▶ _Task details_:
For the data below, restate word for word only the lines from the line containing "Unicorn Party Theme Food Ideas" through the line containing "15 Unicorn Birthday", both ends included.

▶ _Data supplied_:
———

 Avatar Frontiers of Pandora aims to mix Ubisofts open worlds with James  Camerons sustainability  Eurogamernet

———

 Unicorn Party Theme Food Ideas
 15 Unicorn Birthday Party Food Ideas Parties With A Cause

———

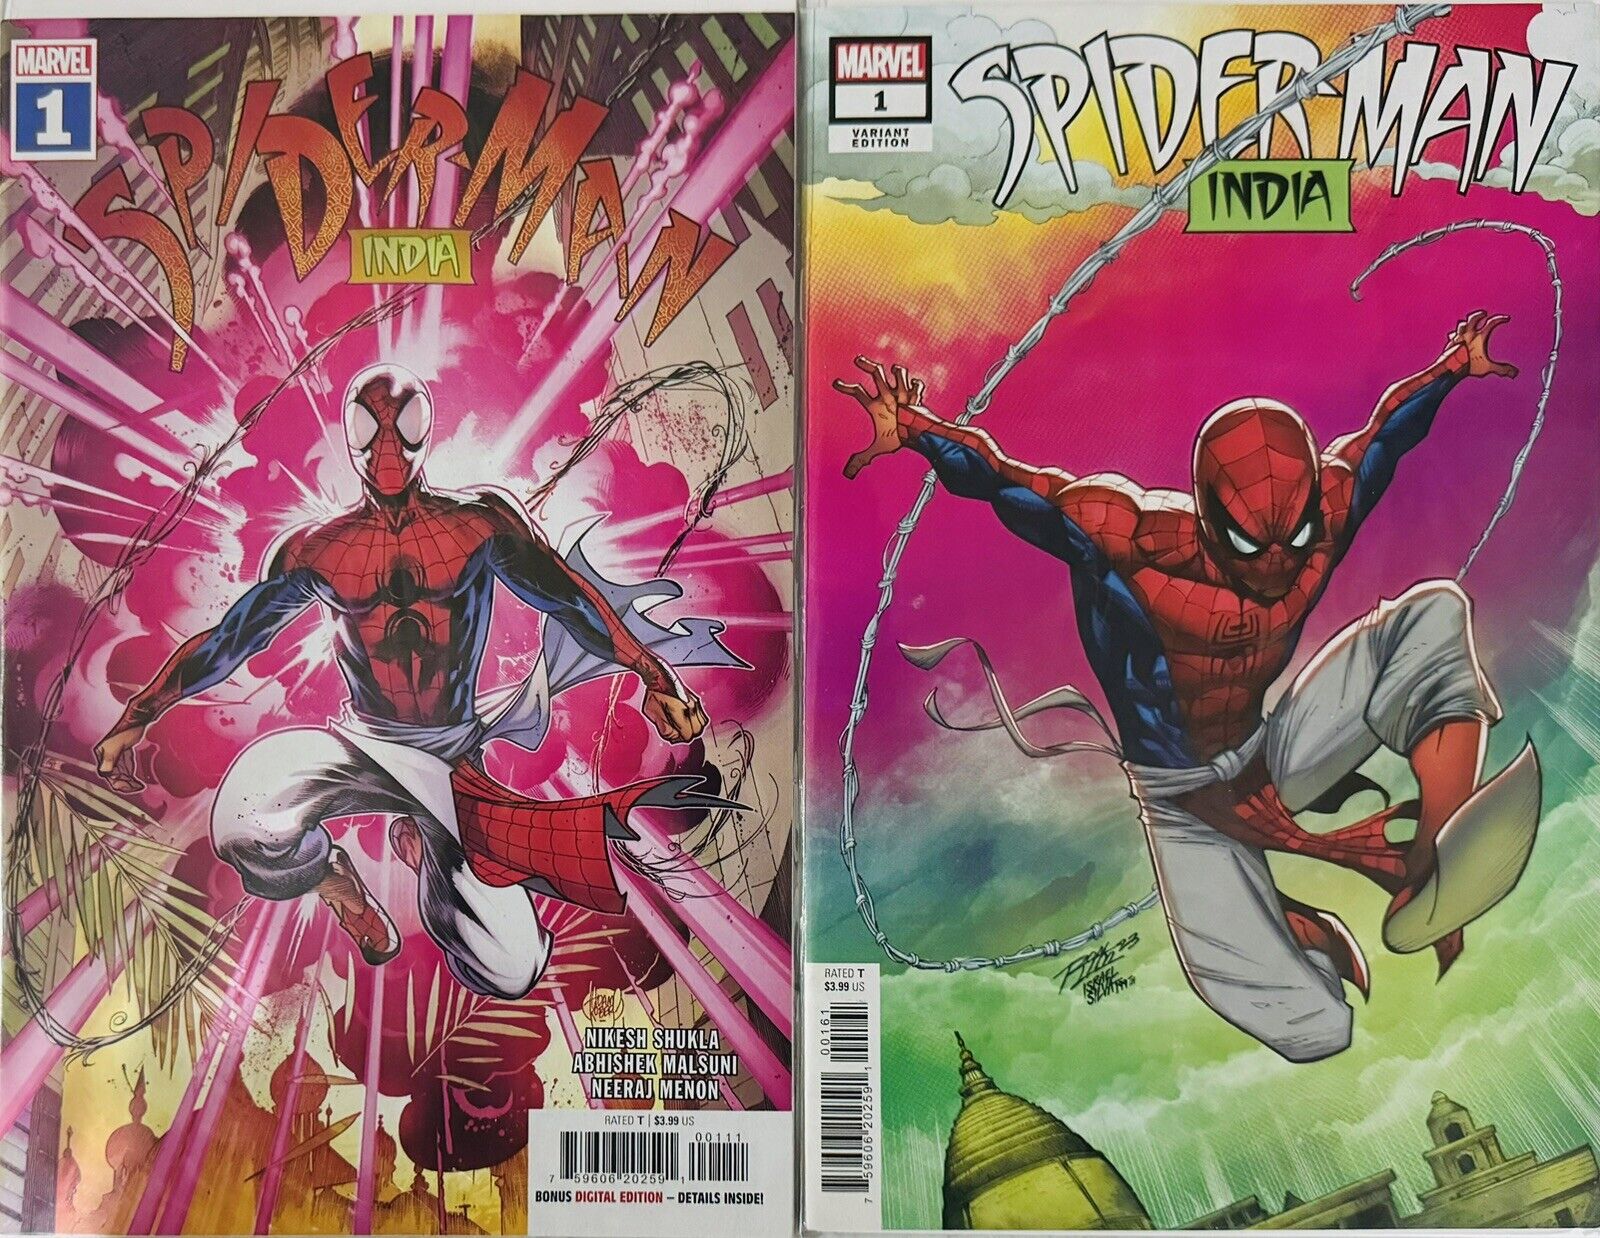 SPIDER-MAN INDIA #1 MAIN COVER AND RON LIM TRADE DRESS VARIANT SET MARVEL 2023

———

▶ _Result_:
 Unicorn Party Theme Food Ideas
 15 Unicorn Birthday Party Food Ideas Parties With A Cause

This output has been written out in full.